== How to complete this task ==
In full and word for word, copy the listing; no pictures belong in the copy.

━━━ Dataset section

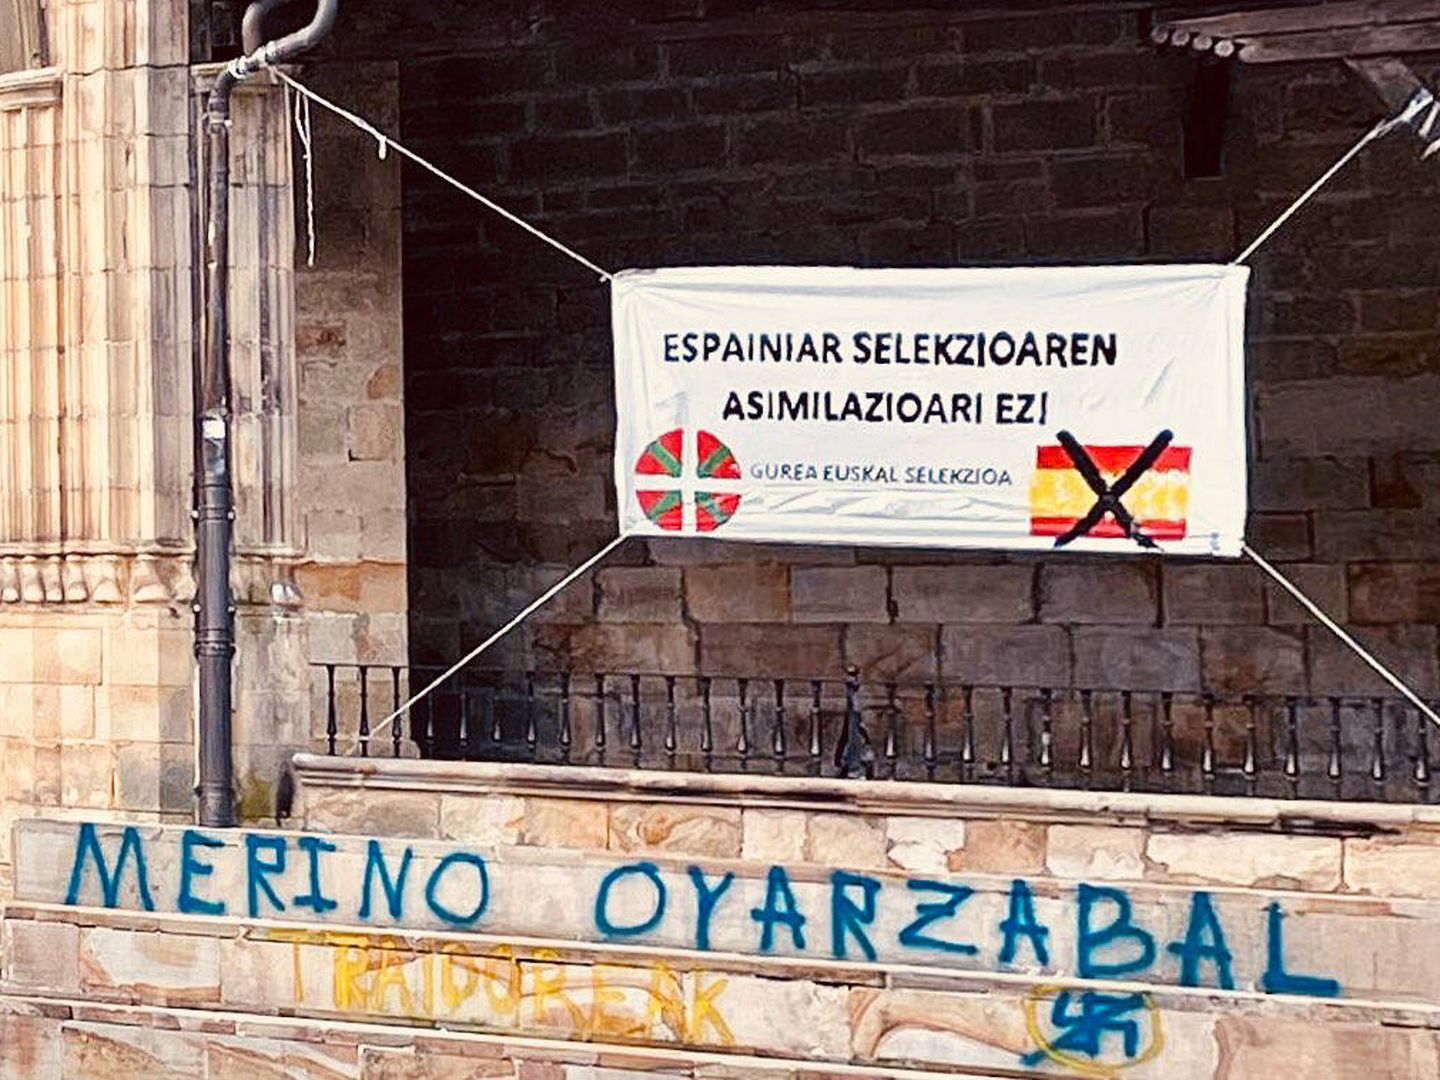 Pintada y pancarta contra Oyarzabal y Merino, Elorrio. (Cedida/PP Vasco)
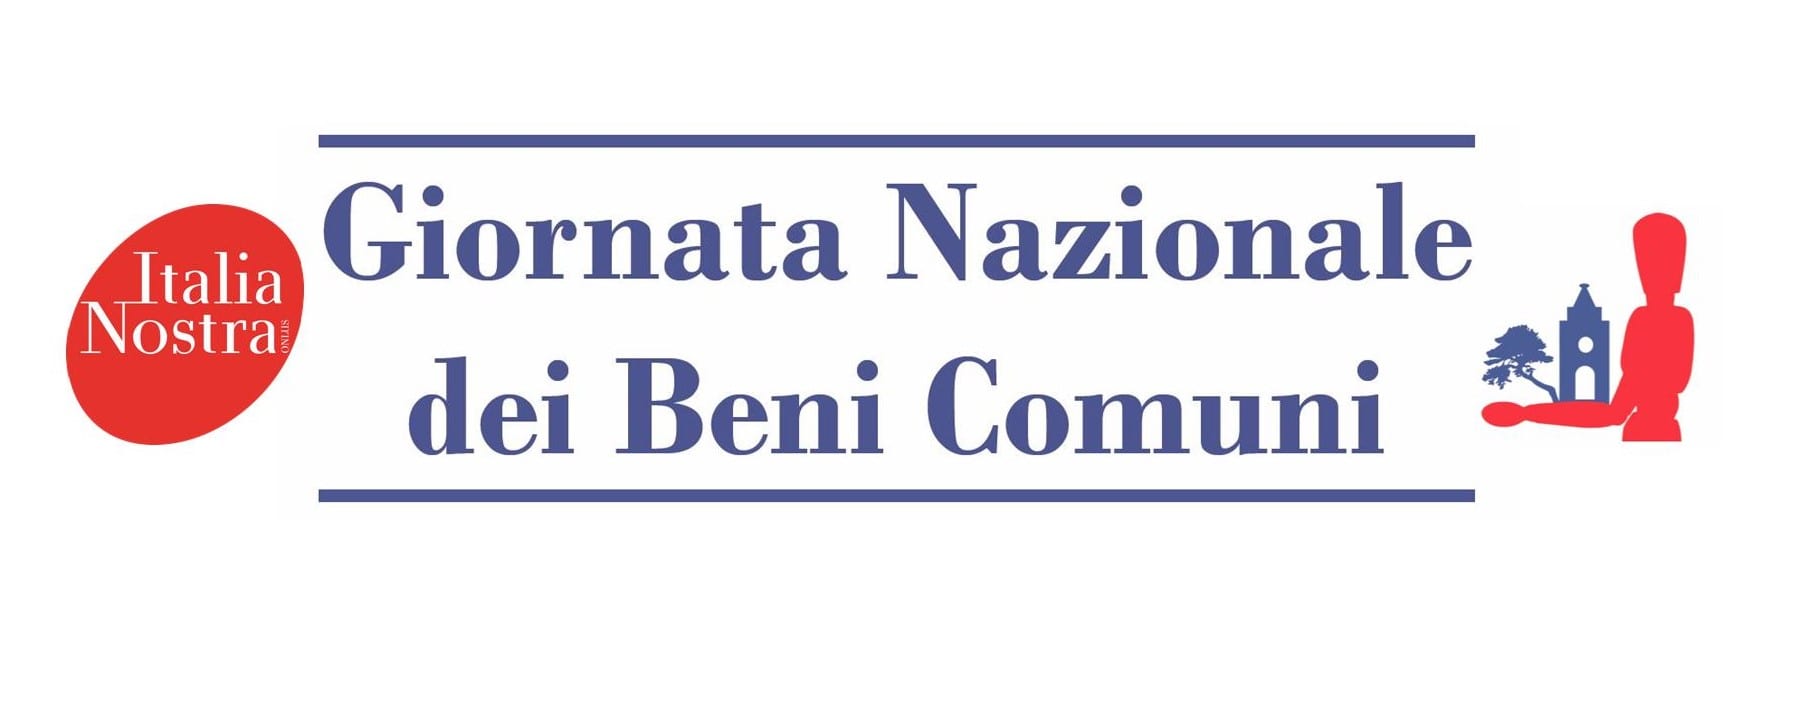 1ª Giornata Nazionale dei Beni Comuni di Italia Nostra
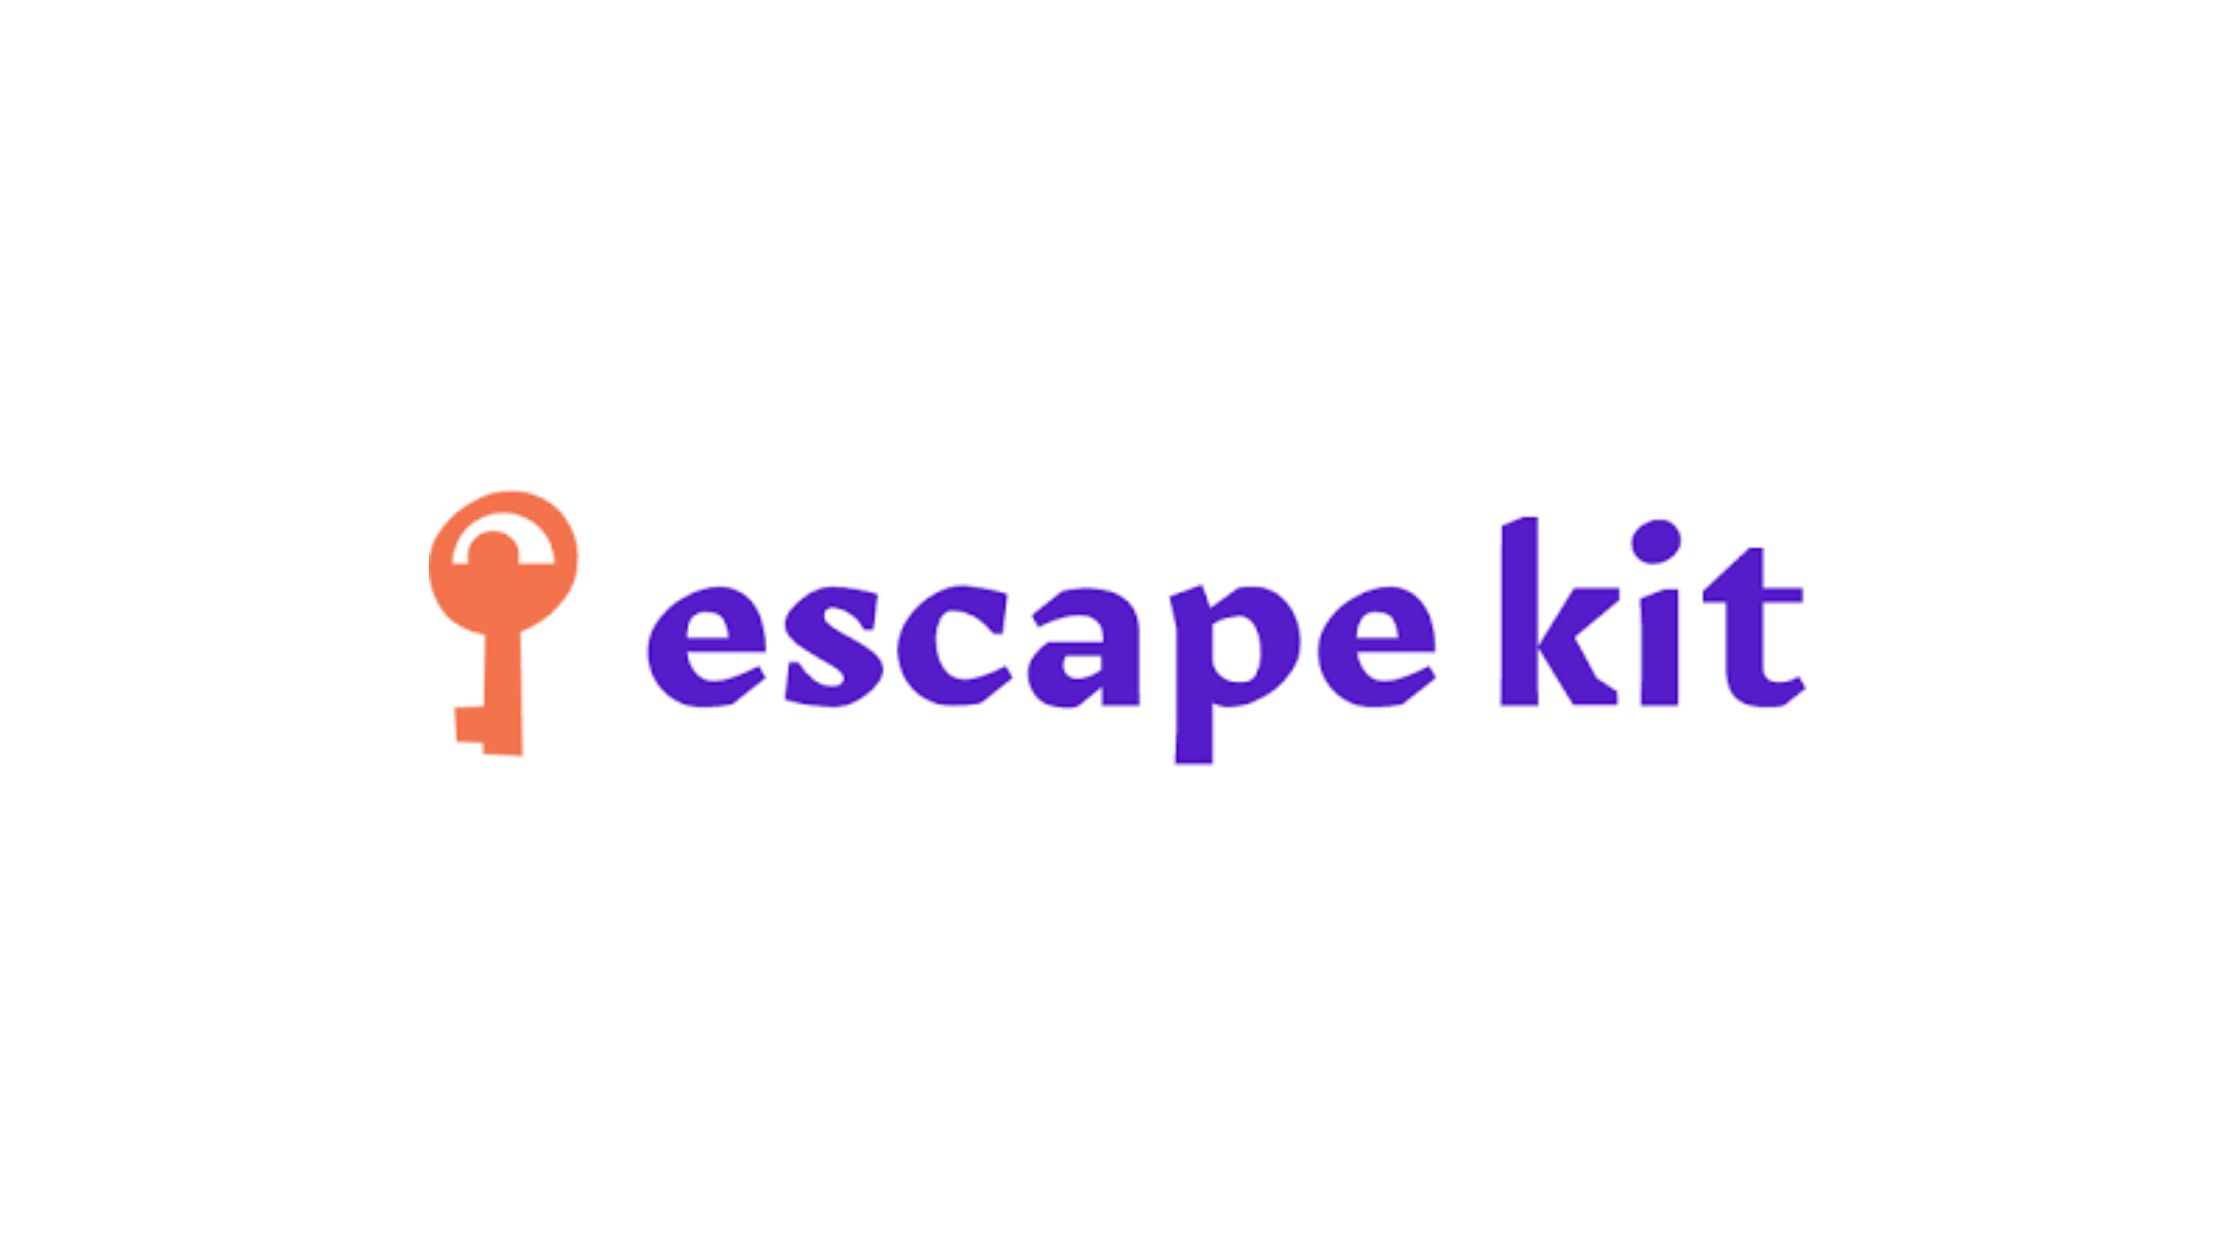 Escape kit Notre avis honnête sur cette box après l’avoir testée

━━━━━━

== Response area ==
 Pintada y pancarta contra Oyarzabal y Merino, Elorrio. (Cedida/PP Vasco)
 1ª Giornata Nazionale dei Beni Comuni di Italia Nostra
 Escape kit Notre avis honnête sur cette box après l’avoir testée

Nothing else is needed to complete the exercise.